Omstreeks 03:19 uur komen verbalisanten [verbalisant 1] en [verbalisant 2] ter plaatse. In de tuin van de woning ziet [verbalisant 1] een man liggen. Voor hem liggen diverse spullen, waaronder een tablet, paspoort, telefoon, PlayStation en een plastictas van Dirk. De deur van de woning staat open en in de woning staan diverse lades open. Er liggen geen goederen uit de lades op de grond. De man in de tuin draagt een donkere joggingsbroek, een zwart shirt met lange mouwen en crocs. De man geeft aan dat hij iets wilde weggooien in de kliko en dat hij door een persoon op het achterhoofd werd geslagen op het moment dat hij buiten kwam. [verbalisant 1] ziet op het achterhoofd van de man echter geen zichtbare kneuzing. Ook ziet [verbalisant 1] geen afval in de omgeving van de man noch een slagvoorwerp. Verder ligt de man op een onlogische route, omdat hij niet in de route ligt van de uitgang van de woning naar de afvalcontainers.

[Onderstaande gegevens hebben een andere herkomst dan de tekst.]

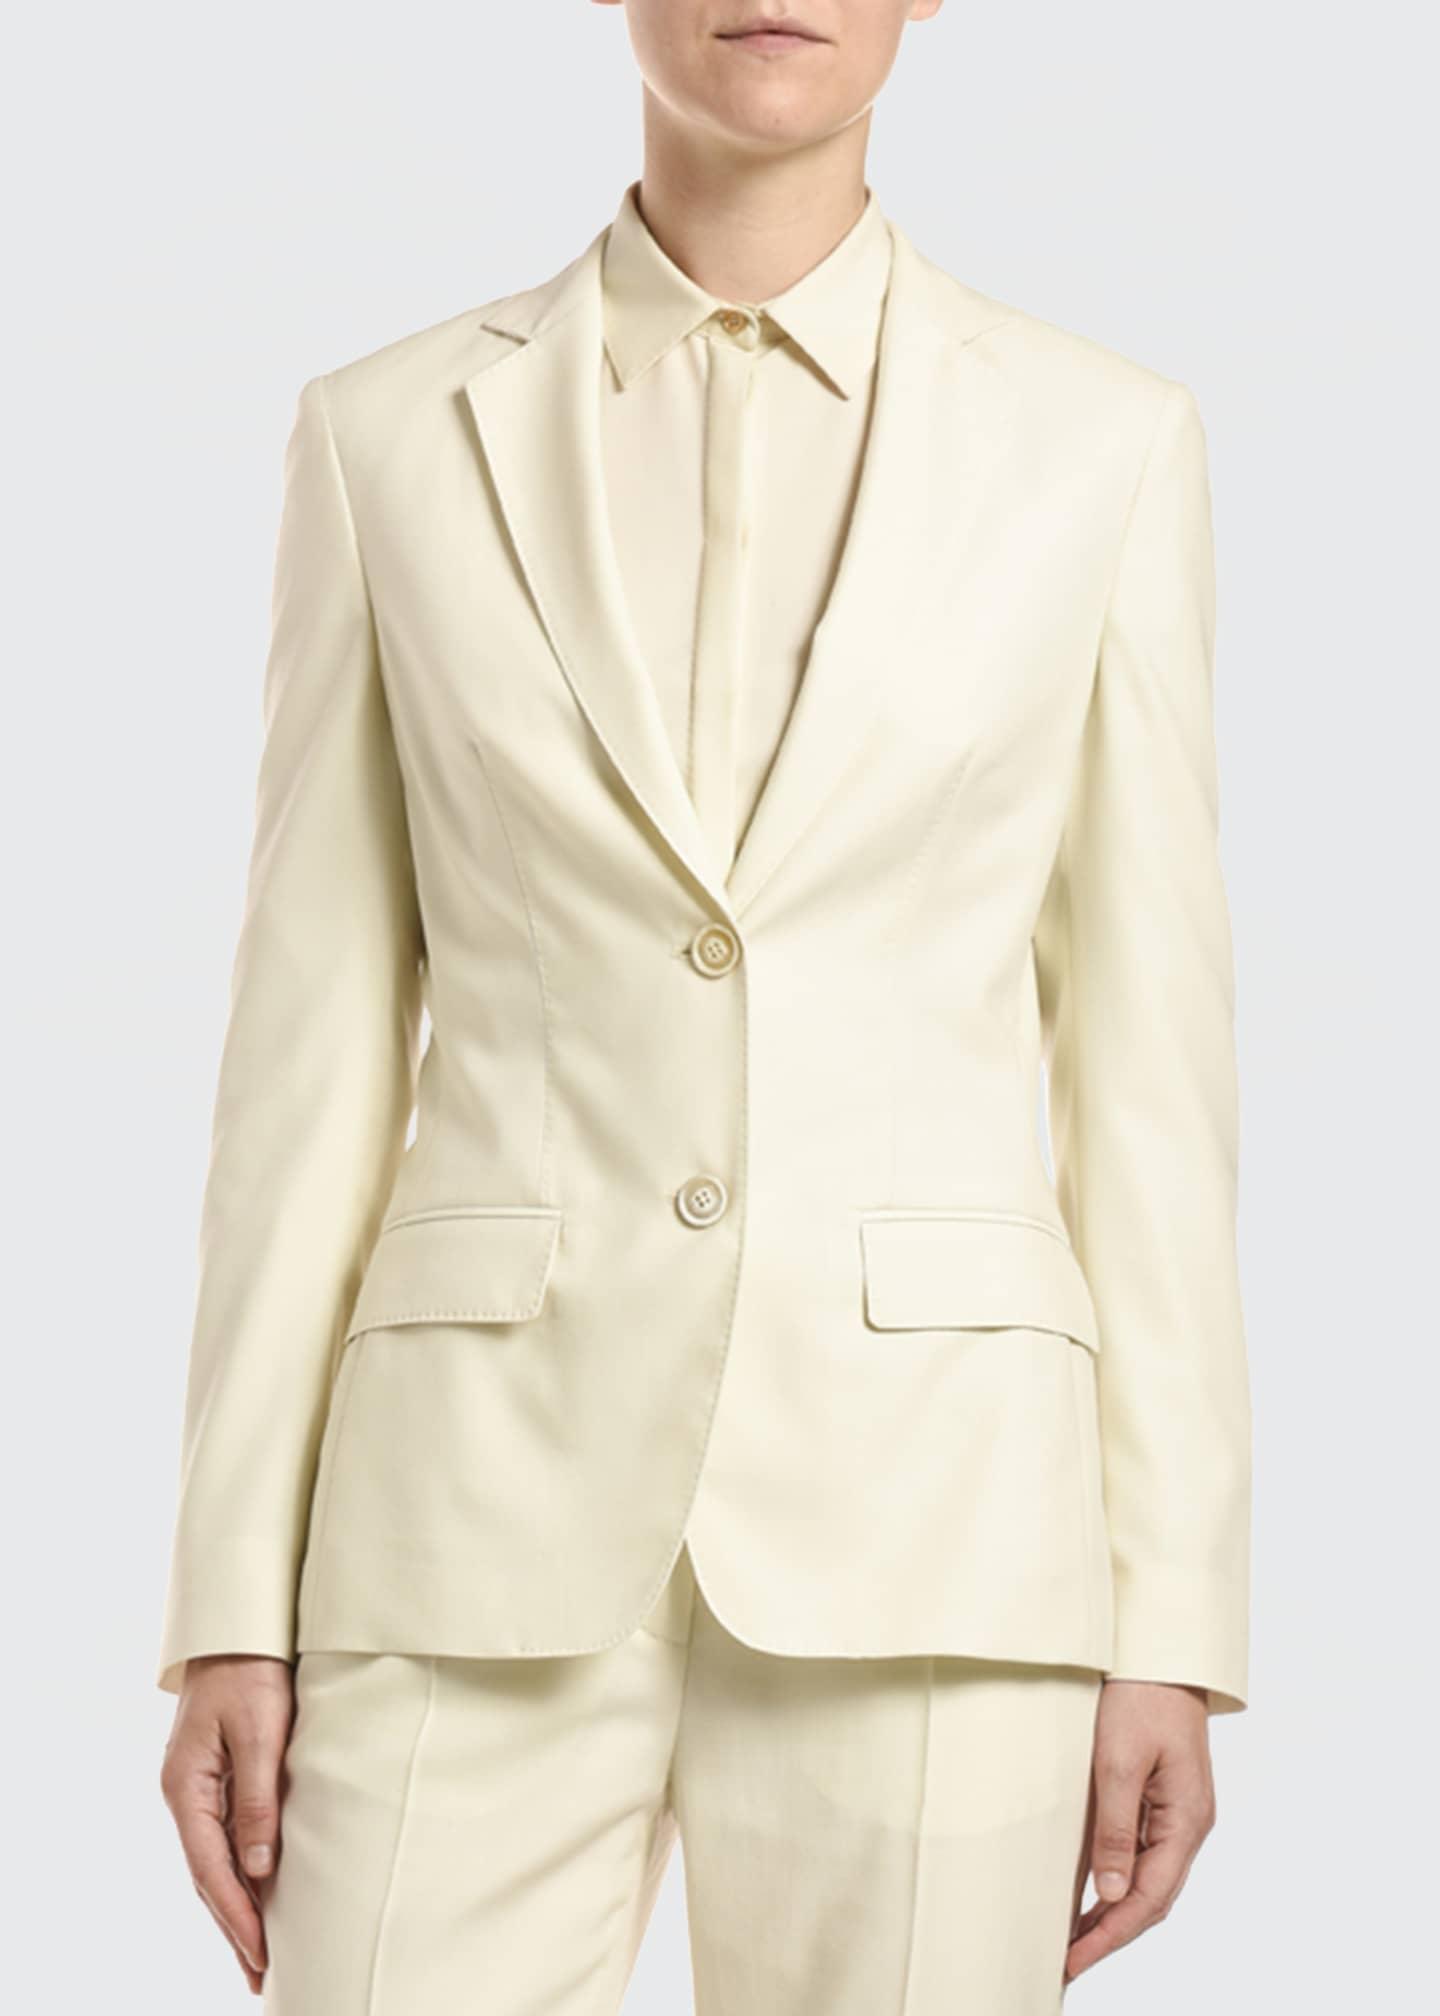 Agnona Single-Breasted Wool Jacket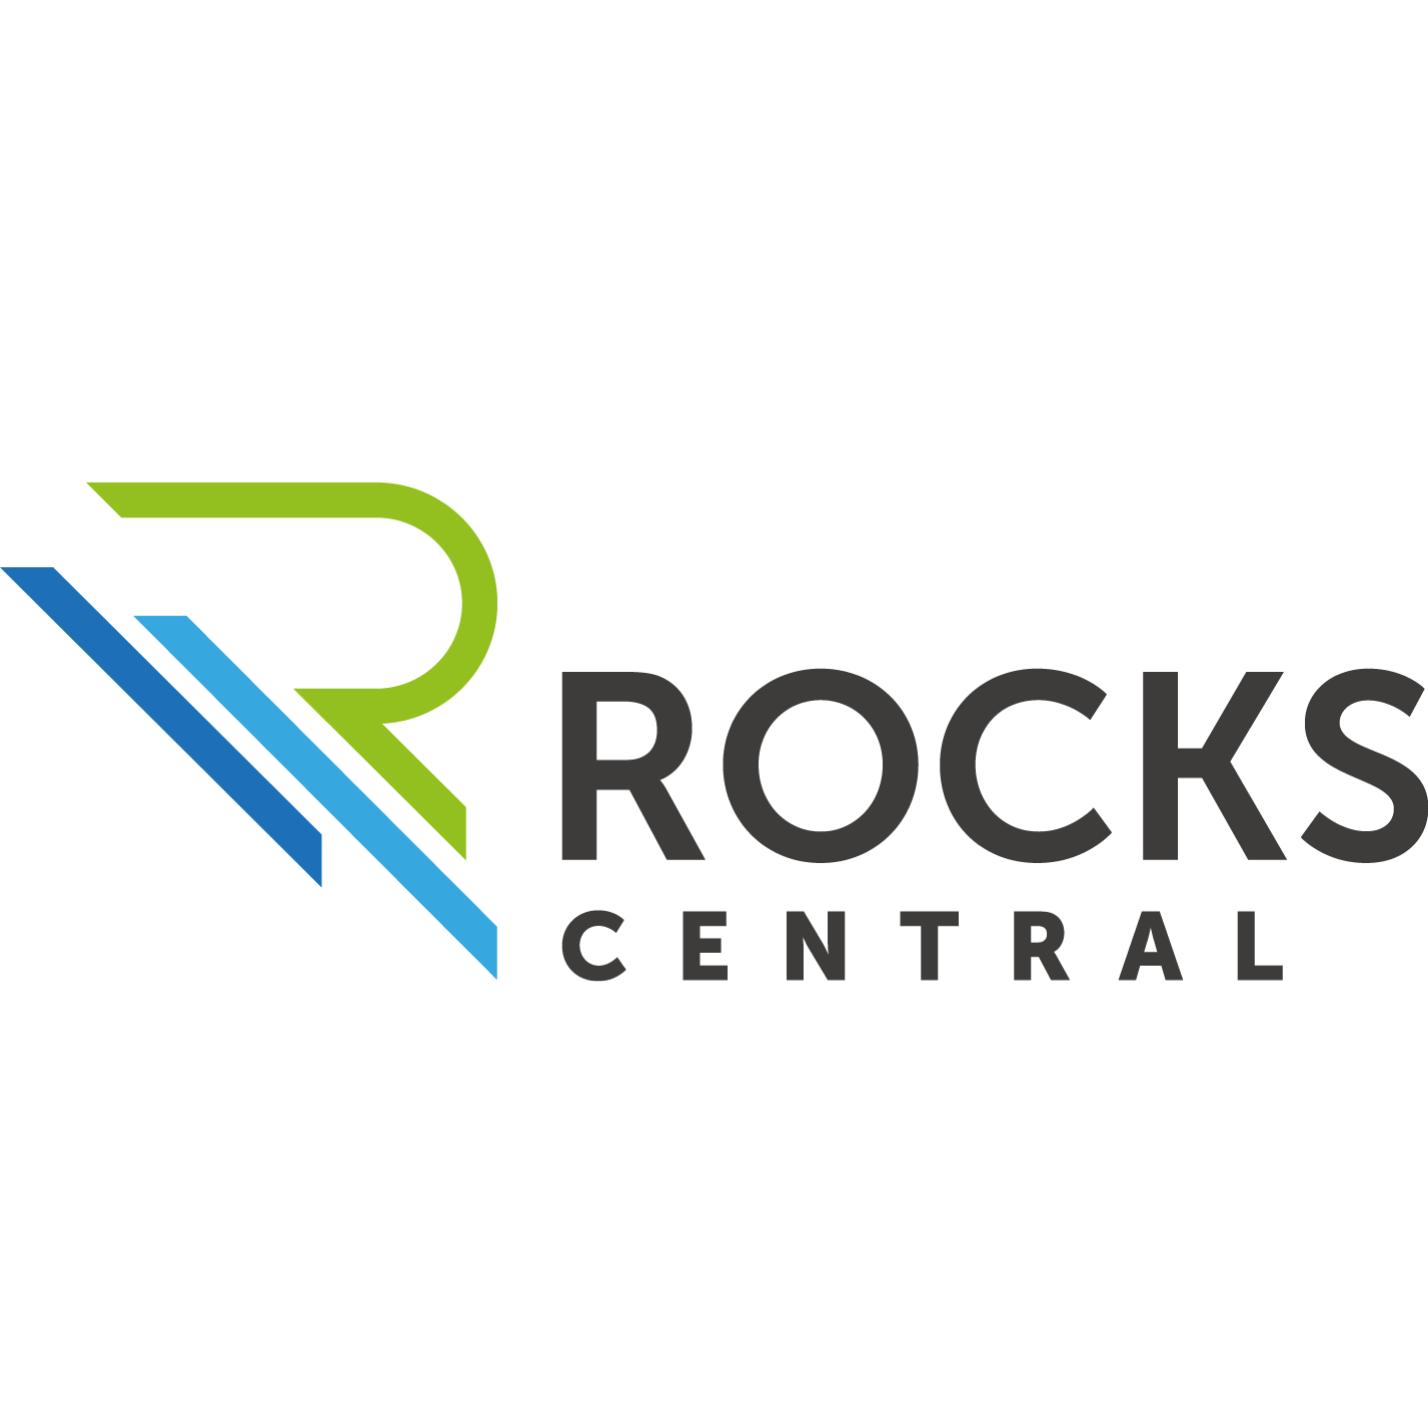 Rocks_Central_logo_1428sq.png

Kort nadat verbalisanten [verbalisant 3] en [verbalisant 4] de woning zijn binnengegaan hoorde [verbalisant 1] van [verbalisant 3] dat er een persoon is aangetroffen. [verbalisant 1] is toen samen met [verbalisant 2] via de bijkeuken, keuken, woonkamer en de televisiekamer naar de achterste ruimte in de woning gelopen. Op de grond ziet [verbalisant 1] een vrouw liggen. De vrouw ligt op haar buik met haar voeten richting de deuropening. Links naast de vrouw ligt een plas bloed. De armen van de vrouw liggen onder het lichaam. De vrouw heeft minimaal twee messteken in de rug. Links naast haar ligt een mes. Om de nek van de vrouw zit een elektriciteitssnoer. Bij haar ligt een op een afstandsbediening gelijkend voorwerp. De vrouw heeft tevens ernstige verwondingen op haar hoofd. De vrouw blijkt geen hartritme meer te hebben.
De dode vrouw blijkt [slachtoffer] te zijn en zij is de echtgenote van de man die de 112-melding heeft gedaan.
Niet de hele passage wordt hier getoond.